Song by Bob Dylan

from the album Another Side of Bob Dylan
- Released: August 8, 1964
- Recorded: June 9, 1964
- Length: 2:23
- Label: Columbia
- Songwriter: Bob Dylan
- Producer: Tom Wilson

= Spanish Harlem Incident =

"Spanish Harlem Incident" is a song written and performed by Bob Dylan which was released on his album, Another Side of Bob Dylan, on August 8, 1964. The song has been described as "a gorgeous vignette" by critics and been praised for its multilayered, poetic dimensions.

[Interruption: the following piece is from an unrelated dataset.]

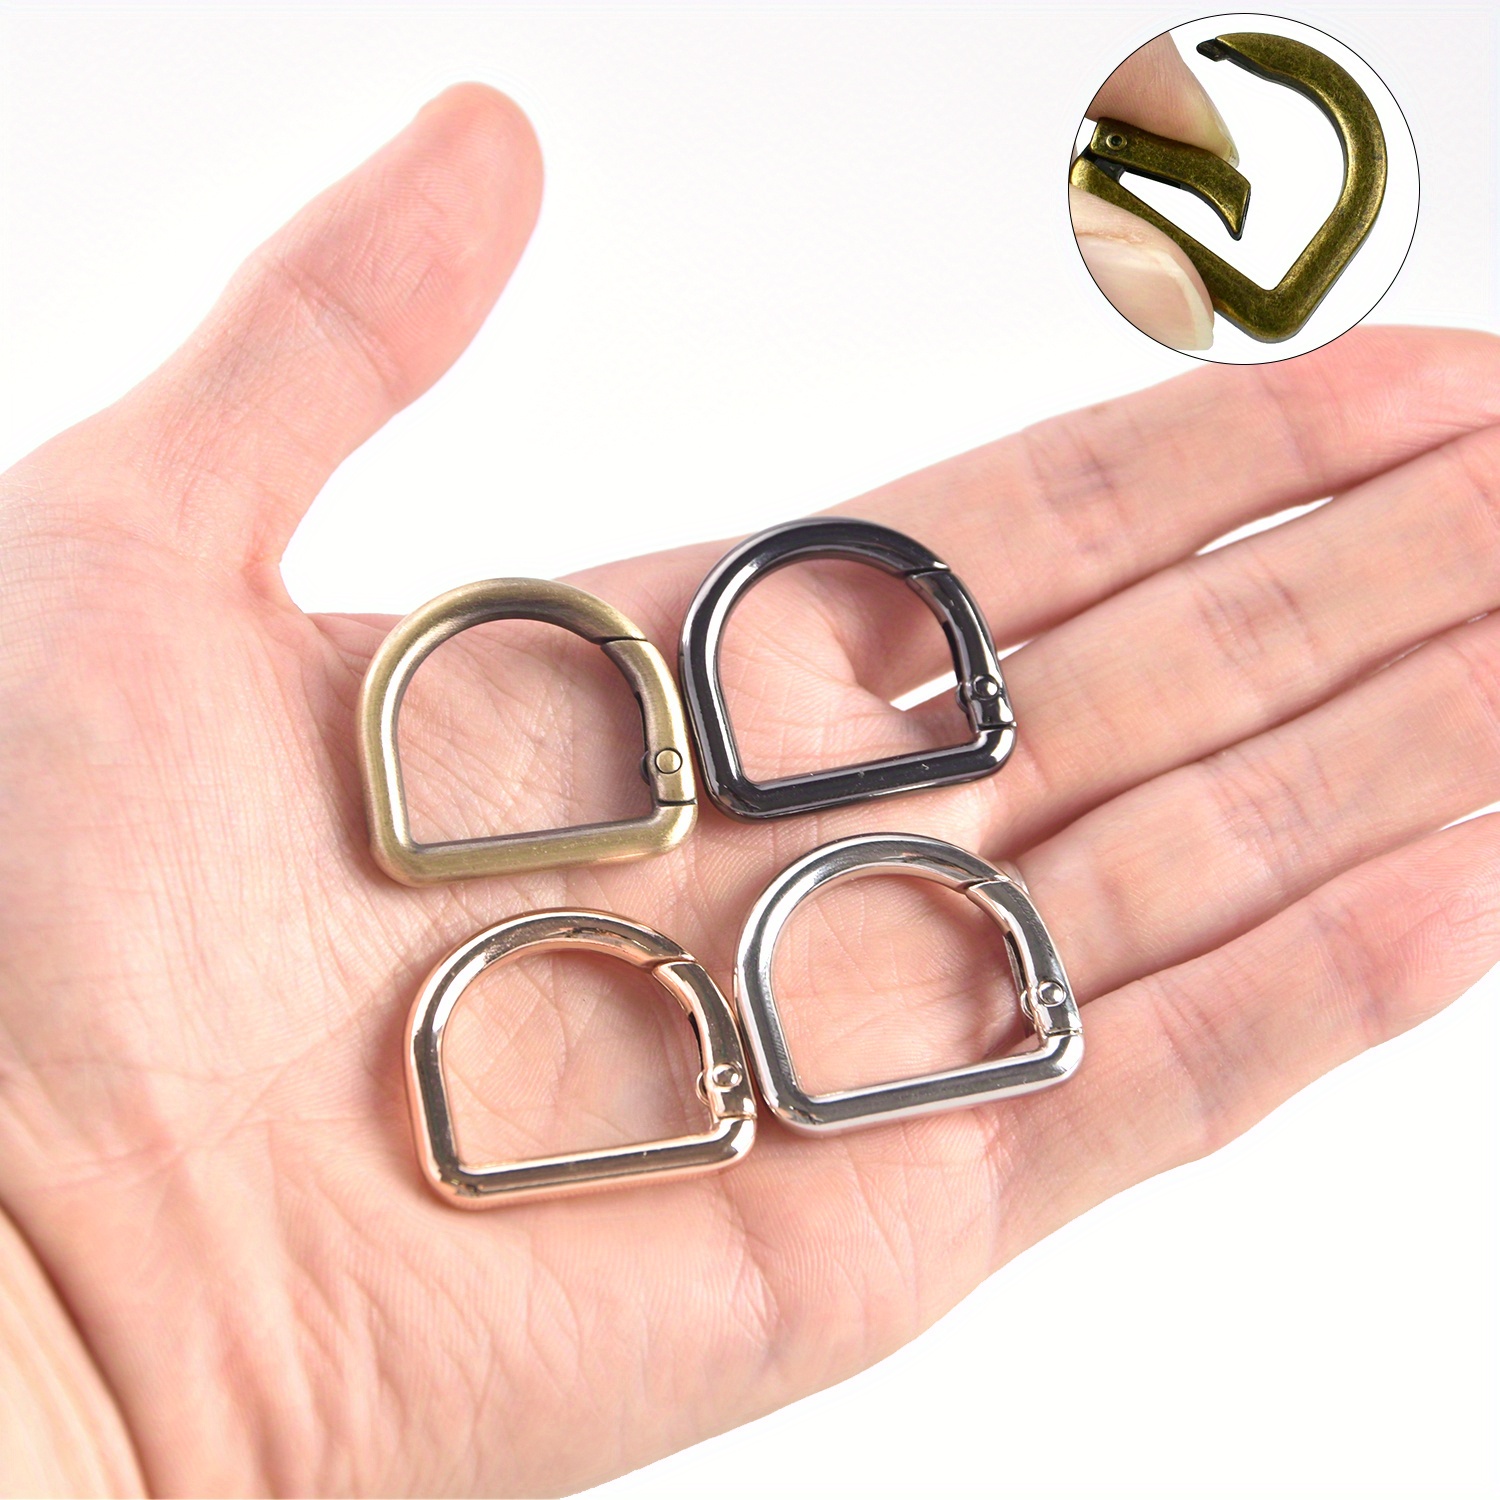 

5pcs Zinc Alloy D-ring Buckle Set For Purse Making - Adjustable Spring Hook Buckle For Diy Handbag Hardware Accessories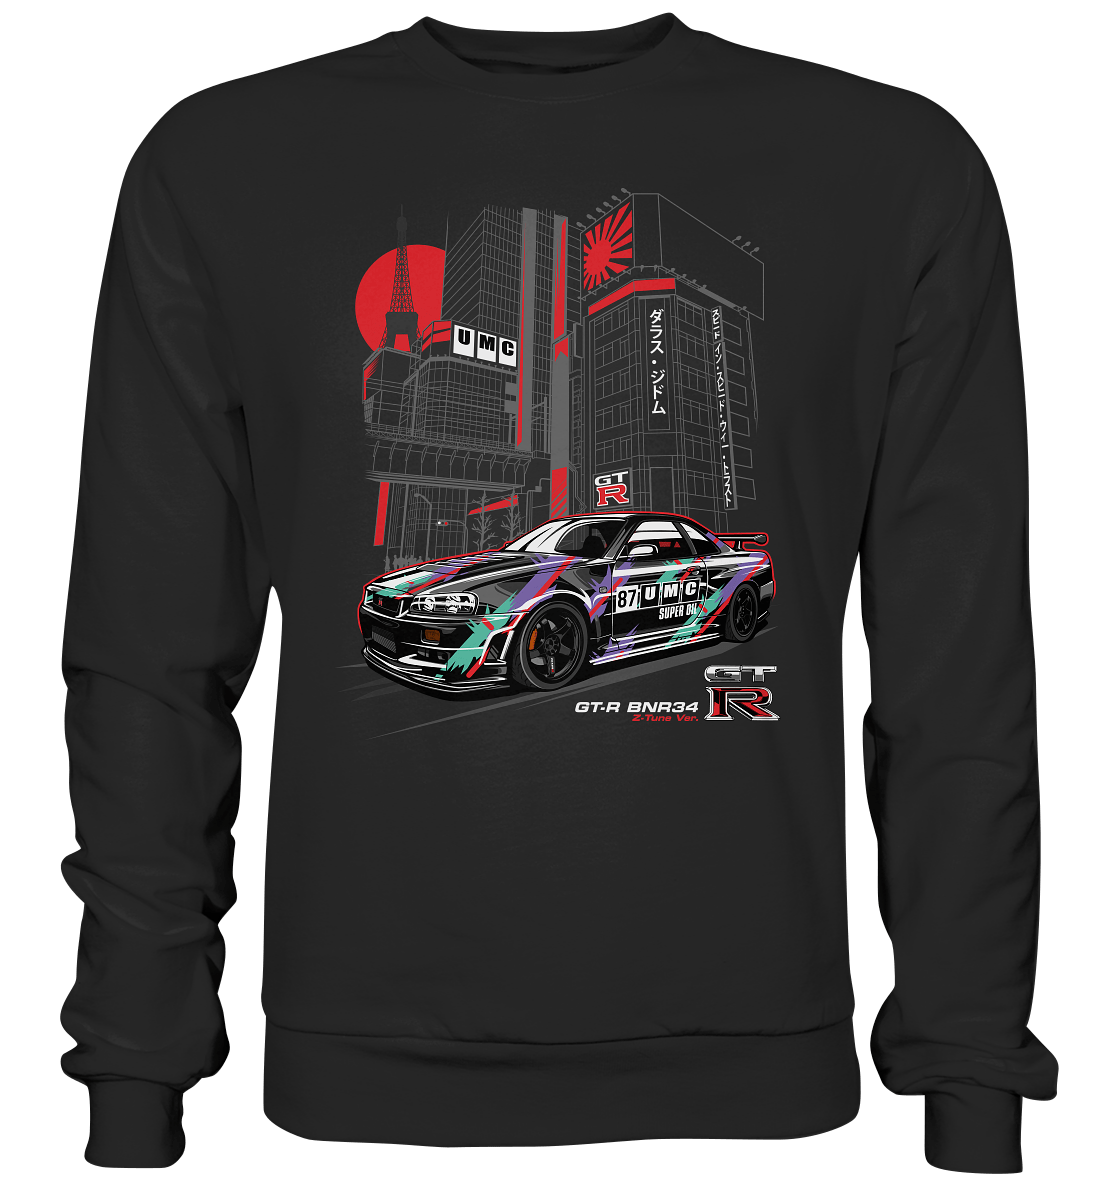 UMC Nissan Skyline R34 GT-R - Premium Sweatshirt - MotoMerch.de

When Dylan himself has been questioned about the song's subject matter he has confessed that he has no idea. However, author Paul Williams describes the song as a portrait of a gypsy girl that Dylan has seen only fleetingly but who has completely captivated him. Williams goes on to say that within the context of the song, Dylan is falling in love with not only the gypsy girl but also with the whole idea of gypsies and of himself in love with one. The song takes its name from the Spanish Harlem neighborhood of New York City.

== Reception ==
Music critic Tim Riley writes that "'Spanish Harlem Incident' is a new romance that pretends to be short and sweet, but it's an example of how Dylan begins using uncommon word couplings to evoke the mysteries of intimacy...her 'rattling drums' plays off his 'restless palms'; her 'pearly eyes' and 'flashing diamond teeth' off his 'pale face.'"

Dylan has only performed the song once, on October 31, 1964, during a concert at New York's Philharmonic Hall (now the David Geffen Hall). This performance was officially released in 2004, on The Bootleg Series Vol. 6: Bob Dylan Live 1964, Concert at Philharmonic Hall.

== Covers ==
The song was covered by the Byrds on their 1965 debut album, Mr. Tambourine Man, and had first been performed by the band during their pre-fame residency at Ciro's nightclub in West Hollywood, California. The song was one of four Dylan covers to appear on their debut album. After its appearance on the Mr. Tambourine Man album, The Byrds performed the song infrequently at live concerts.

"Spanish Harlem Incident" was also covered by Dion on his 1978 Return of the Wanderer album. Chris Whitley covered the song (as well as Dylan's "4th Time Around") on Perfect Day in 2000. In 2006, a live cover of the song by Silkworm was featured on their final EP "Chokes!", featuring posthumous vocals from drummer Michael Dahlquist.